Logistic regression method has been commonly used to predict the class of observations, which have only two possible outcome values: 0 or 1, yes or no, based on predictor variables.

The example in this blog is intended to demonstrate how we can employ the method to identify potential indicators and model a binary outcome, which predicts fail or pass for any graded assignments at a given time.

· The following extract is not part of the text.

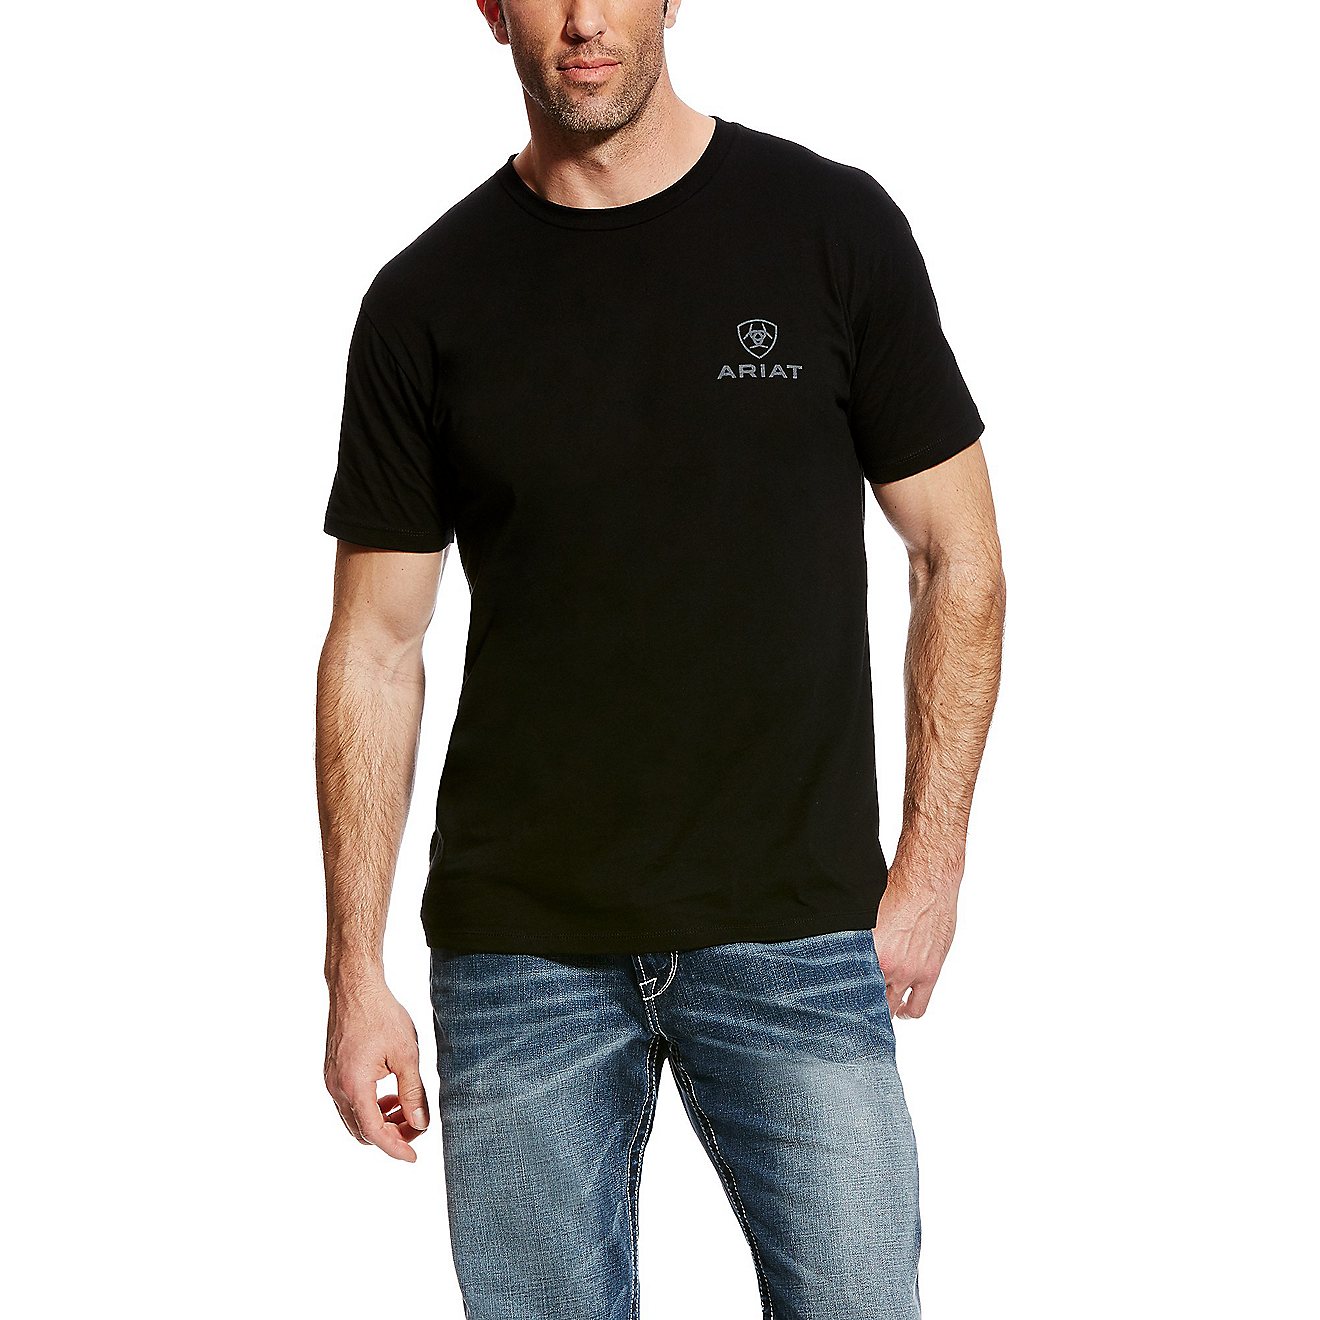 Ariat Men’s Corporate T-shirt | Free Shipping at Academy

For the sake of simplicity, in this blog, we started with the most common data points that can be harnessed from an LMS:
•Submission time – how early or late an assignment was submitted by a given student in relation to the due time of the assignment,
•total activity time – accumulative time spent in a course at a given time,
•total number of page views – accumulative number of clicks on course content, and
•the number of late submissions.

In this demo, student’s current score was converted to a binary value, pass or fail, as the response variable.

Using the logit model

The code below estimates a logistic regression model using the glm (generalized linear model) function in R. Based upon the initial explorations of the sample data, we decided to convert number of late submissions to a factor to indicate that it should be treated as a categorical variable. It should also work if you treat it as a continuous variable.

 glm(formula = score_status ~ submission_duetime_diff + late_submission + 
    total_activity_time + page_views, family = "binomial", data = df)

You can also use predicted probabilities to examine the model. Predicted probabilities can be computed for both categorical and continuous predictor variables. It is always helpful to use graphs of predicted probabilities to present the model. Below is a plot with the predicted probabilities pass or fail against indicator variable colored by late submission status.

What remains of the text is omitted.